Scan the records for the string "Happy", then copy each line that has it.

+++ LISTED ENTRIES

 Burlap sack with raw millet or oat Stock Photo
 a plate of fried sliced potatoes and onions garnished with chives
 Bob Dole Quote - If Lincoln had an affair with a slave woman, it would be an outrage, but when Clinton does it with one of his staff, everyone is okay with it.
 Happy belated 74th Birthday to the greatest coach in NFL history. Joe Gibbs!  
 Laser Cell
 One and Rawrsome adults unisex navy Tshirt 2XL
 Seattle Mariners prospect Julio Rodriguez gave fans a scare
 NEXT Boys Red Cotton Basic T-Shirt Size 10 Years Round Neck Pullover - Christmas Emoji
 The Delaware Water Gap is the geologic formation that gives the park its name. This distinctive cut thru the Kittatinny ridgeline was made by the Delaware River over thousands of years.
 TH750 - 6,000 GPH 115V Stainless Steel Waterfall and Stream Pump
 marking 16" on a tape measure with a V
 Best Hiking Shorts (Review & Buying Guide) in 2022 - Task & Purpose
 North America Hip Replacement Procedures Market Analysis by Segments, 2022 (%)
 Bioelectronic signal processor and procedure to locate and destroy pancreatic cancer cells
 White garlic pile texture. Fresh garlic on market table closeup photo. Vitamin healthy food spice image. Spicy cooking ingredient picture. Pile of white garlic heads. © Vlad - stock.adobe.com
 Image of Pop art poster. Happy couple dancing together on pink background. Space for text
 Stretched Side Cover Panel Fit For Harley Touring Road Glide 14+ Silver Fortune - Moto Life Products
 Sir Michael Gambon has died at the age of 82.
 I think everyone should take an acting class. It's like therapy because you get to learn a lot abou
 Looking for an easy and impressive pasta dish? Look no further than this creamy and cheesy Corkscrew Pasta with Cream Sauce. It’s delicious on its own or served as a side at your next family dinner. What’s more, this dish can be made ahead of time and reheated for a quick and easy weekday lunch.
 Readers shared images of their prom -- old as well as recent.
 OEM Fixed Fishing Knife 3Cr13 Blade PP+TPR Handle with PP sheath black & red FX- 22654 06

++++++

■ EXERCISE OUTPUT ■
 Happy belated 74th Birthday to the greatest coach in NFL history. Joe Gibbs!  
 Image of Pop art poster. Happy couple dancing together on pink background. Space for text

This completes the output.